No clinically significant interactions have been identified.

Aciclovir is eliminated primarily unchanged in the urine via active renal tubular secretion. Any medicines administered concurrently that compete with this mechanism may increase aciclovir plasma concentrations. Probenecid and cimetidine increase the AUC of aciclovir by this mechanism, and reduce aciclovir renal clearance. However no dosage adjustment is necessary because of the wide therapeutic index of aciclovir.

In patients receiving intravenous ZOVIRAX, caution is required during concurrent administration with medicines which compete with aciclovir for elimination, because of the potential for increased plasma levels of one or both medicines or their metabolites. Increases in plasma AUCs of aciclovir and of the inactive metabolite of mycophenolate mofetil, an immunosuppressant agent used in transplant patients, have been shown when the medicines are coadministered.

Care is also required (with monitoring for changes in renal function) if administering intravenous ZOVIRAX with medicines which affect other aspects of renal physiology (e.g. cyclosporin, tacrolimus).

Overdosage

Overdosage of intravenous aciclovir has resulted in elevations of serum creatinine, blood urea nitrogen and subsequent renal failure. Neurological effects including confusion, hallucinations, agitation, seizures and coma have been described in association with overdosage. Haemodialysis significantly enhances the removal of aciclovir from the blood and may, therefore, be considered an option in the management of overdose of this medicine.

Pharmaceutical Precautions

Shelf Life

60 months. Store below 25°C.

Special precautions for storage

Reconstituted or diluted solutions should not be refrigerated.

Nature and contents of container

Pack of 5 vials.

Instructions for use/handling

ZOVIRAX I.V. for Infusion contains no antimicrobial preservative.

Reconstitution or dilution should therefore be carried out either under full aseptic conditions or immediately before use and any unused solution discarded.

When reconstituted as directed, ZOVIRAX I.V. for Infusion has a pH of approximately 11.

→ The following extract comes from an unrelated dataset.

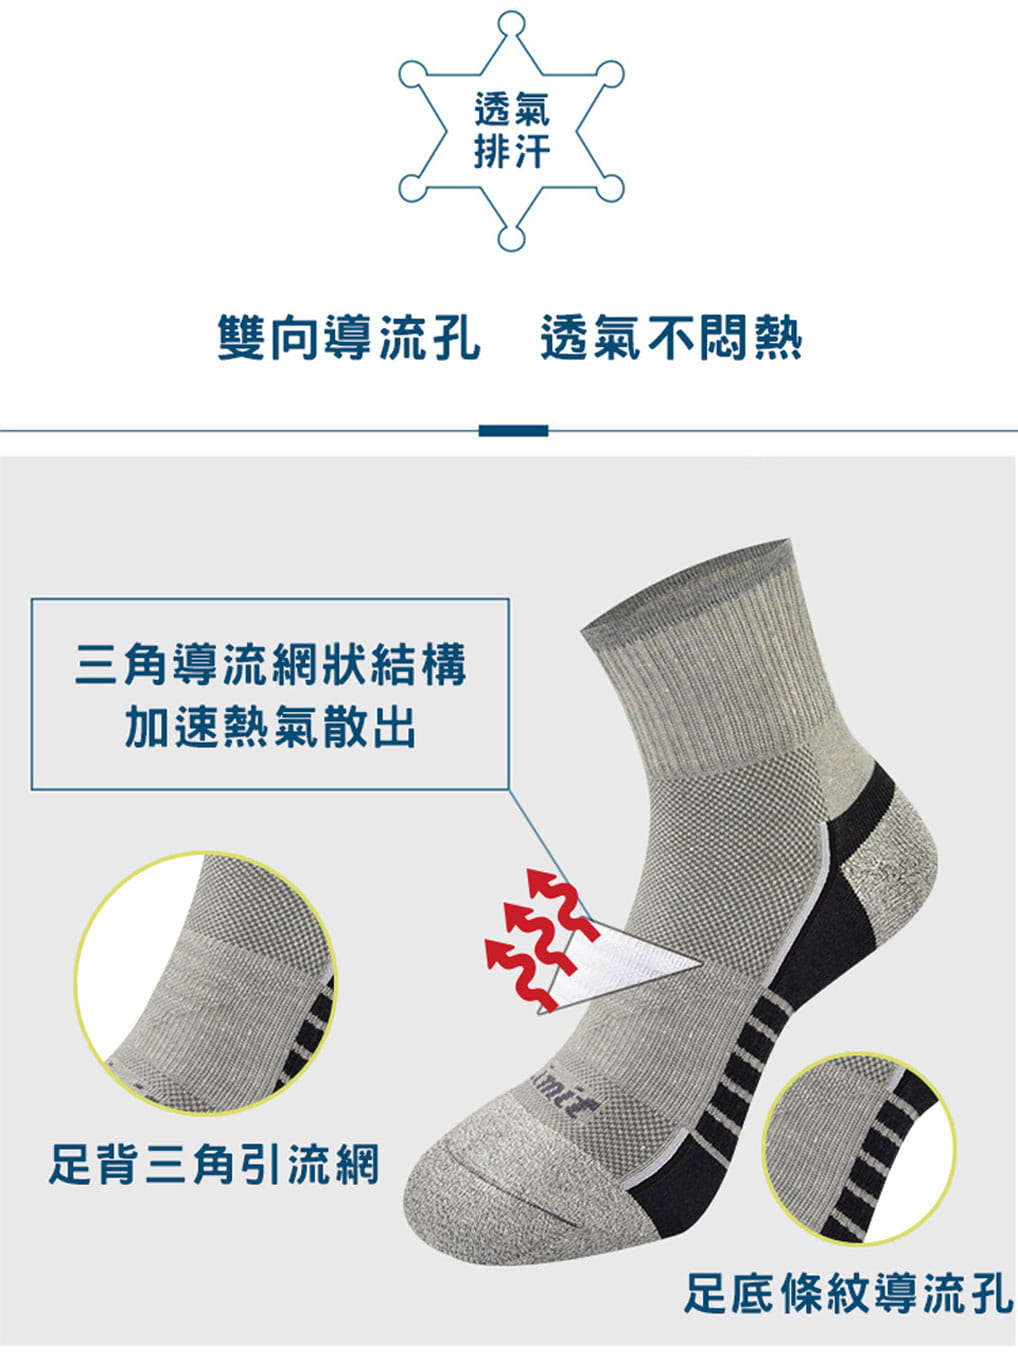 【力美特機能襪】條紋導流運動襪(灰) 5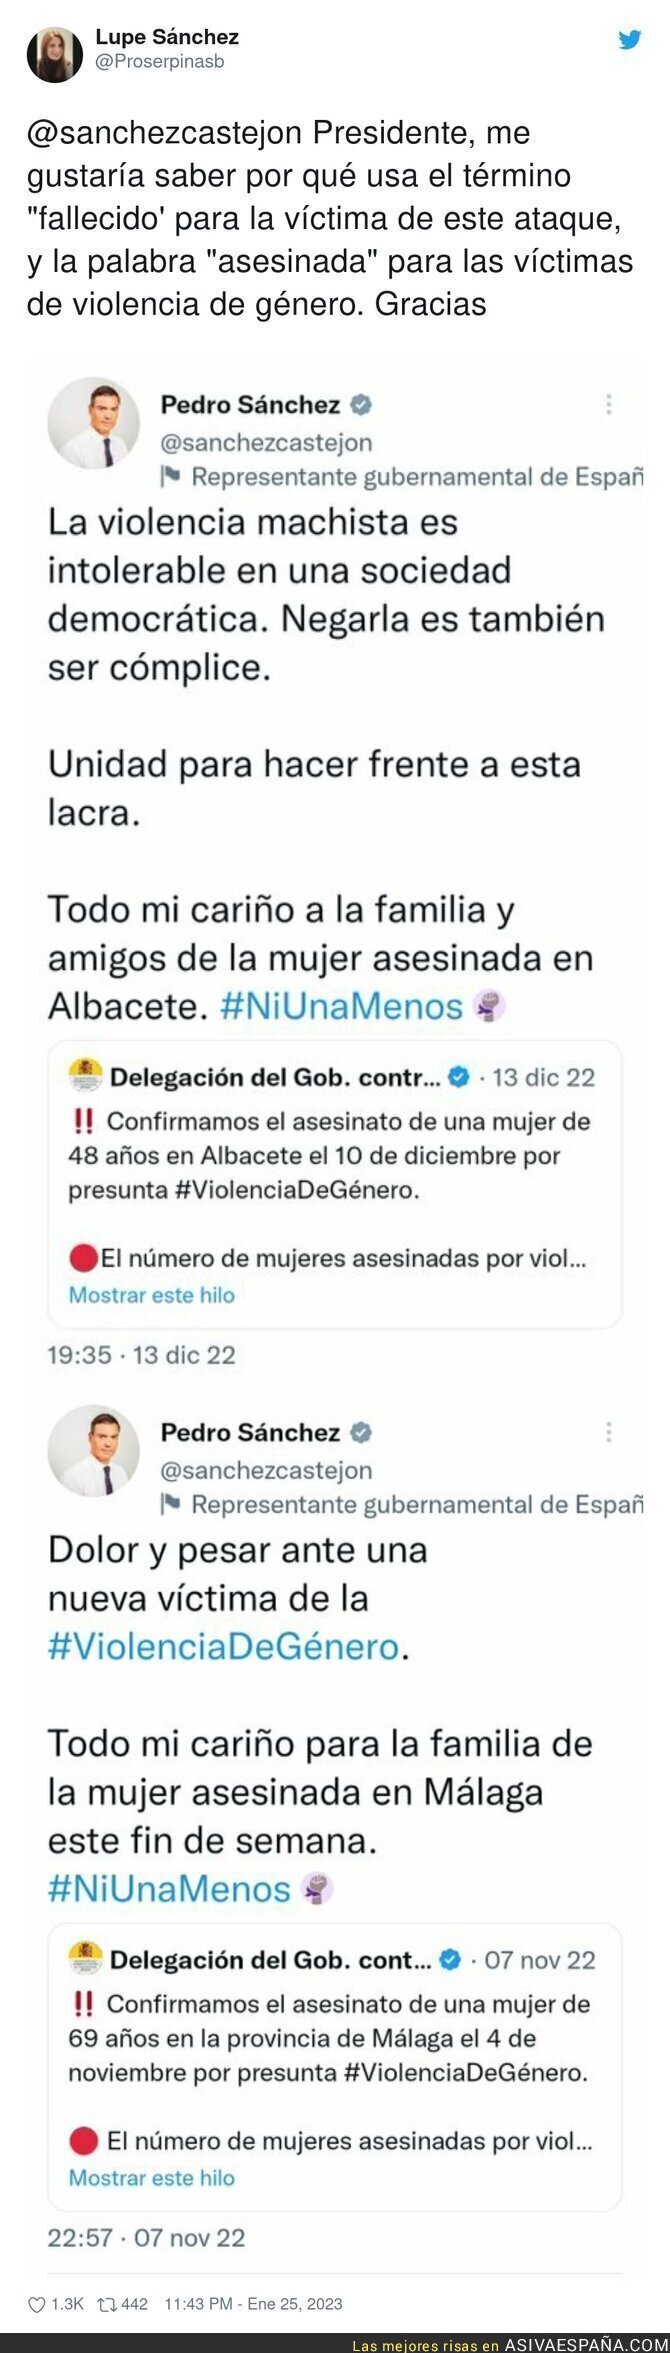 Diferencias que no se entienden en Pedro Sánchez

Reconstituted or diluted solutions should not be refrigerated.

Reconstitution

ZOVIRAX I.V. for Infusion should be reconstituted using 10mL of either Water for Injections BP or Sodium Chloride Injection BP (0.9% w/v) to provide a solution containing 25mg aciclovir per mL (see Dosage and Administration).

Medicines Classification

Prescription Only Medicine

Further Information

Preclinical Safety Data

Mutagenicity:-

The results of a wide range of mutagenicity tests in vitro and in vivo indicate that aciclovir is unlikely to pose a genetic risk to man.

Carcinogenicity:-

Aciclovir was not found to be carcinogenic in long-term studies in the rat and the mouse.

Fertility:-

Largely reversible adverse effects on spermatogenesis in association with overall toxicity in rats and dogs have been reported only at doses of aciclovir greatly in excess of those employed therapeutically. Two-generation studies in mice did not reveal any effect of (orally administered) aciclovir on fertility.

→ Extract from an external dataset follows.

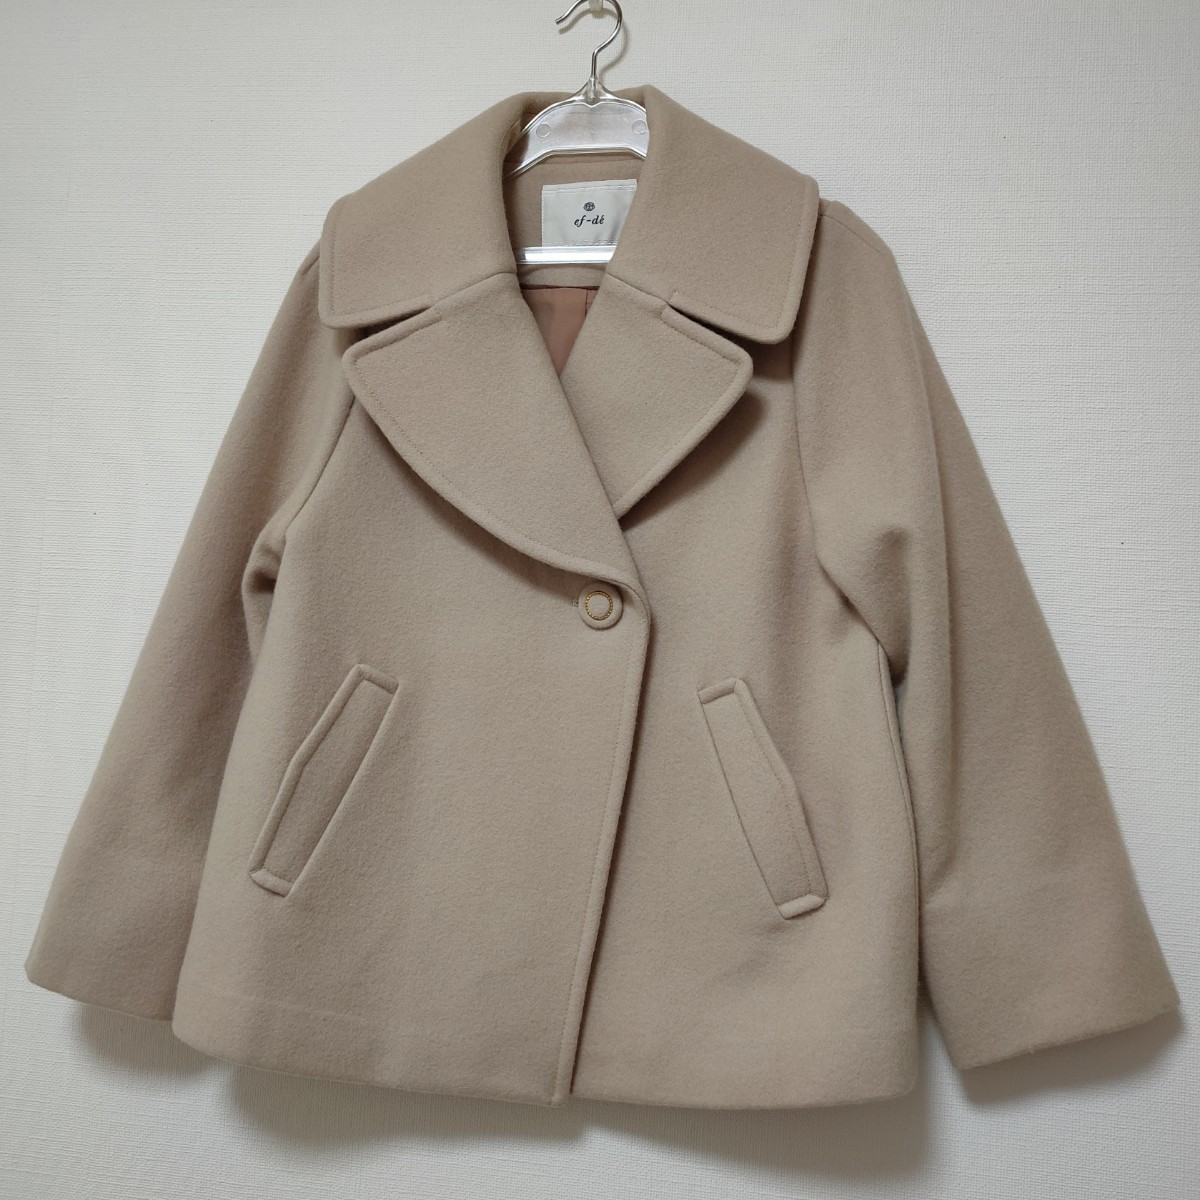  unused ef-de ef-de A line tailored coat pink beige wool Blend 7 number coat pea coat

There is no information on the effect of ZOVIRAX I.V. for Infusion on human female fertility. In a study of 20 male patients with normal sperm count, oral aciclovir administered at doses of up to 1g per day for up to six months has been shown to have no clinically significant effect on sperm count, motility or morphology.

Name and Address

GlaxoSmithKline NZ Limited
Quay Tower
Cnr Albert & Customs Streets
Private Bag 106600
Downtown Auckland
NEW ZEALAND

Phone: (09) 367 2900
Fax: (09) 367 2506

Date of Preparation

Issue Date: 11 October 2007

Issue Number: 12

ZOVIRAX™is a trade mark of the GlaxoSmithKline group of companies

© This data sheet is copyrighted to GlaxoSmithKline and may be reproduced but not altered in any way.